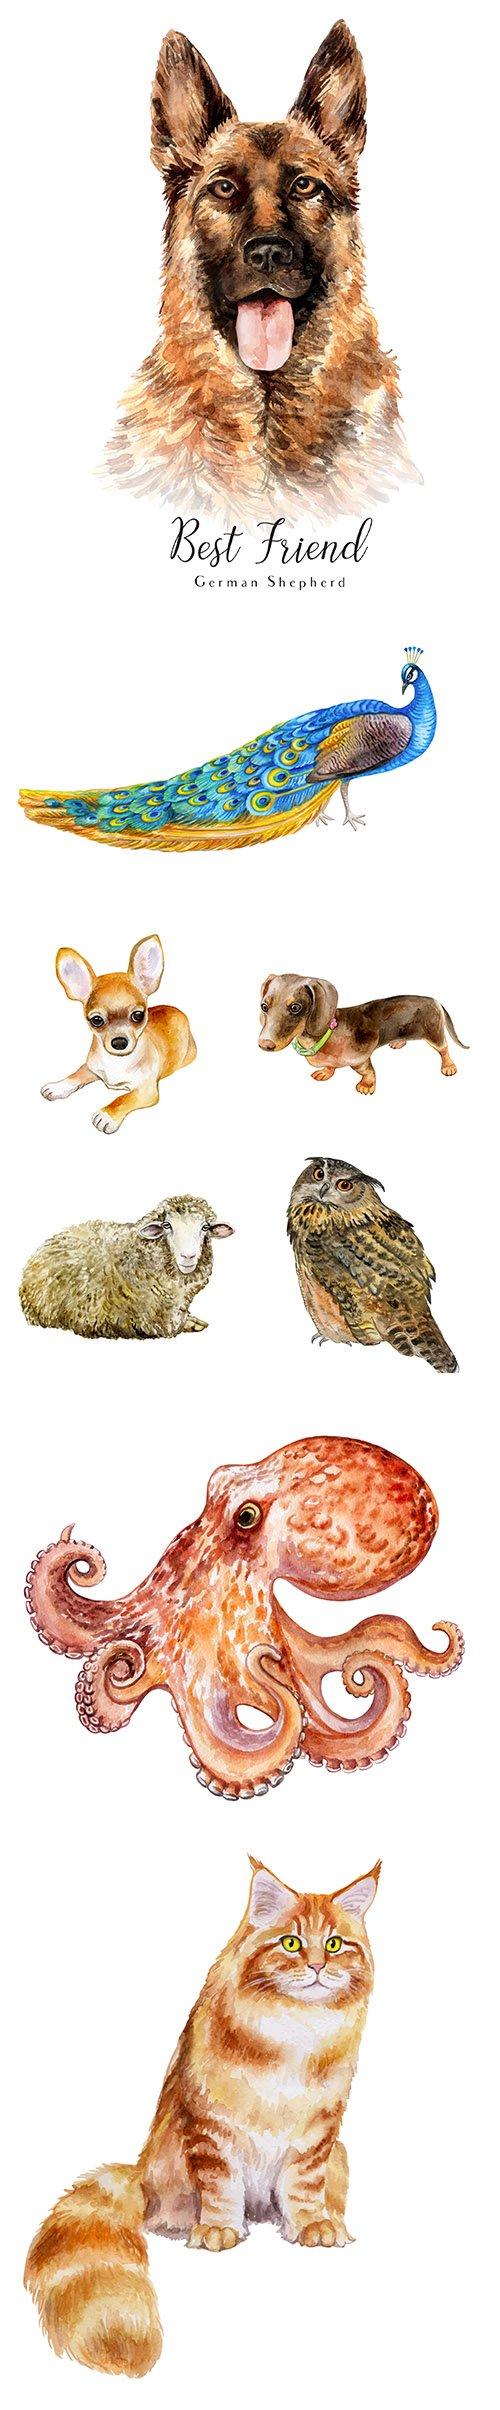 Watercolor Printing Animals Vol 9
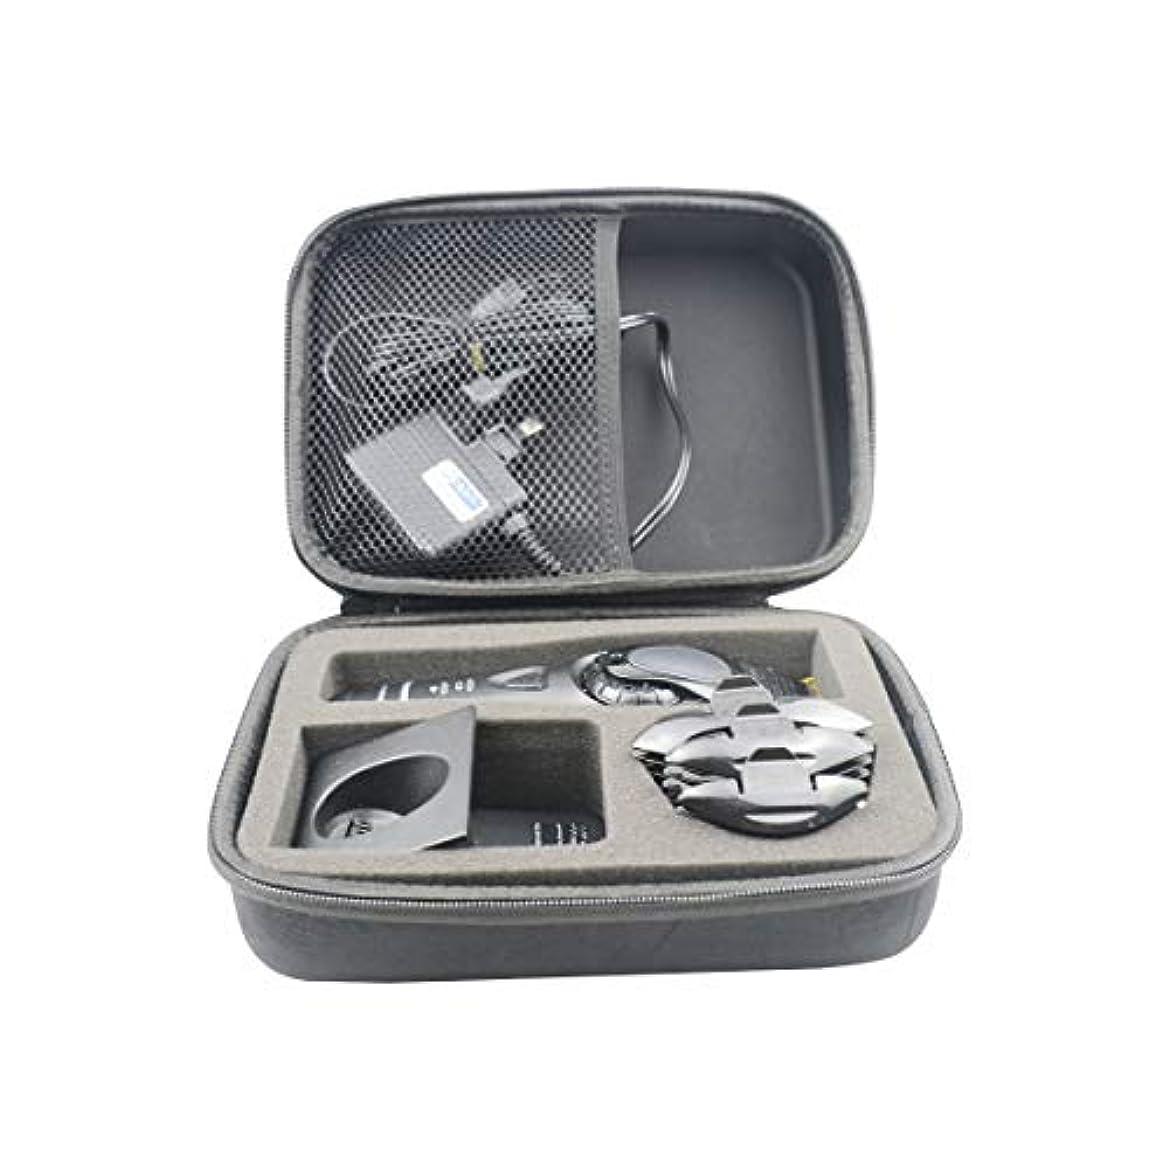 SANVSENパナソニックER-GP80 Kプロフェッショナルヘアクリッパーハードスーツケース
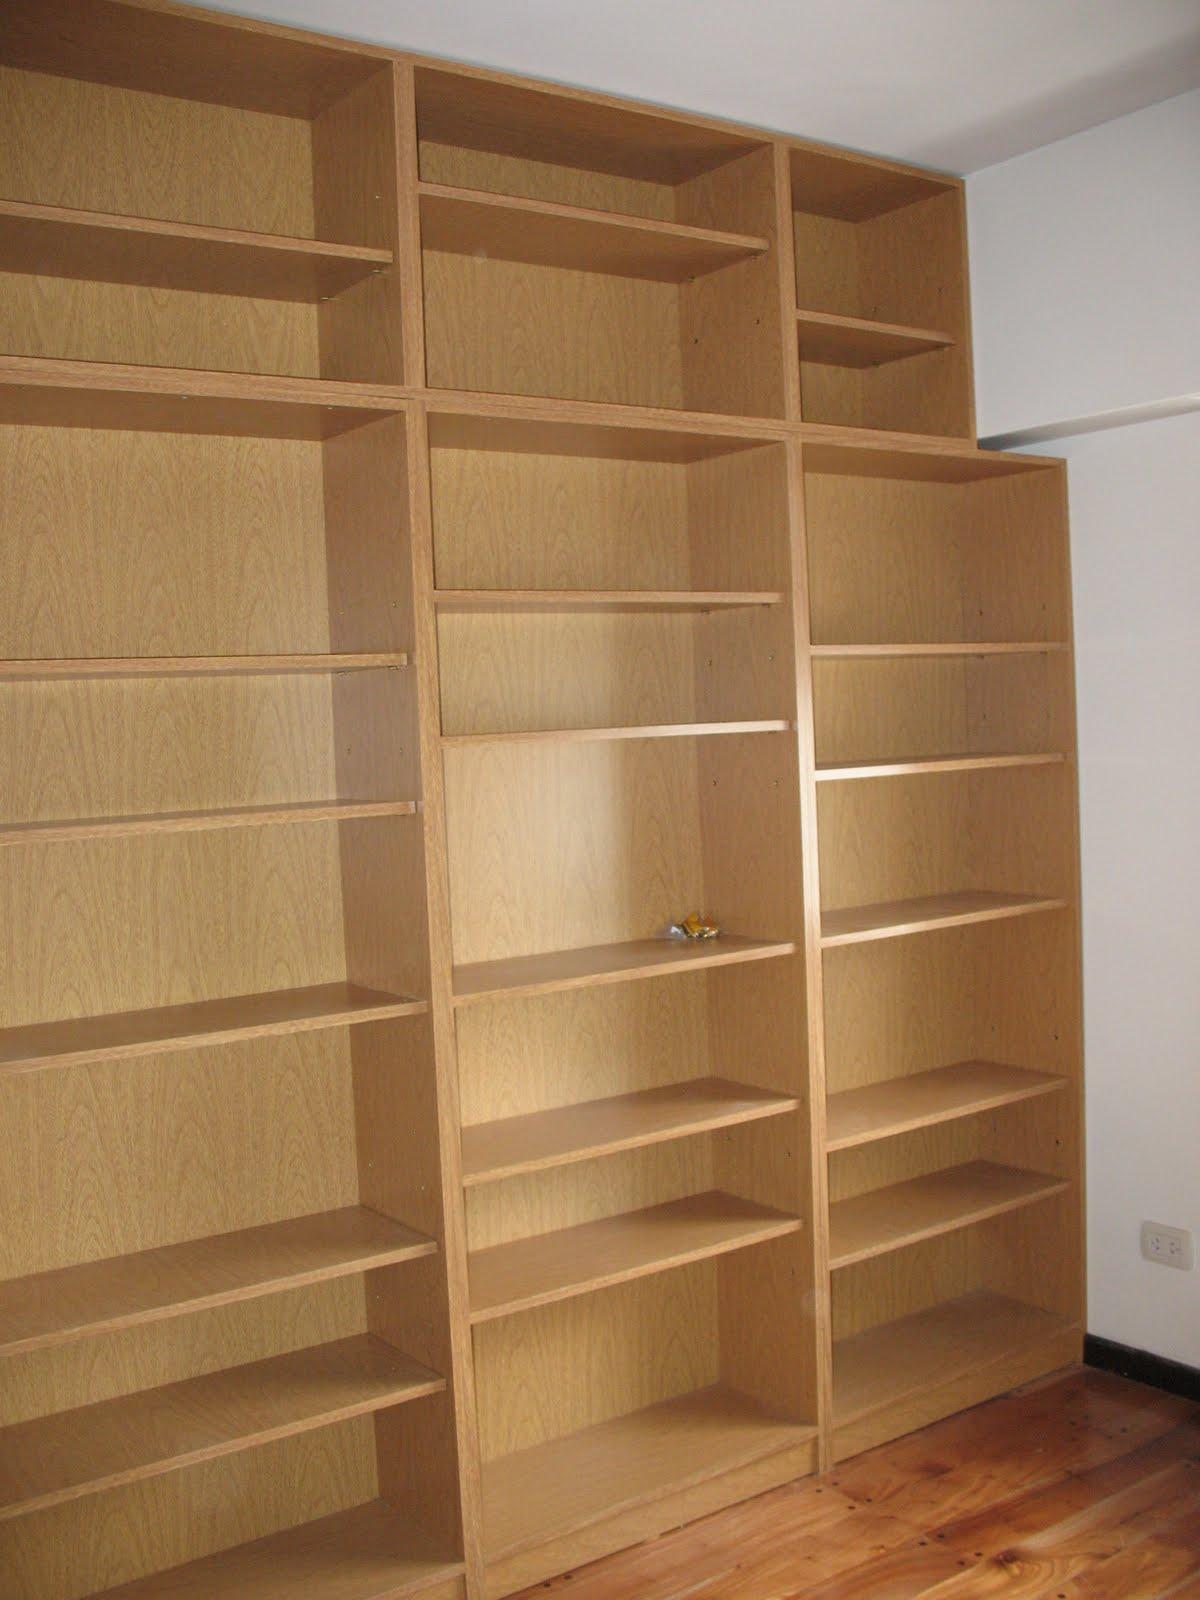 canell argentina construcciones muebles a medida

**Problem:** An exact copy of the material above is required, minus its images.

**Your solution:**
 Watercolor Printing Animals Vol 9
 SANVSENパナソニックER-GP80 Kプロフェッショナルヘアクリッパーハードスーツケース
 canell argentina construcciones muebles a medida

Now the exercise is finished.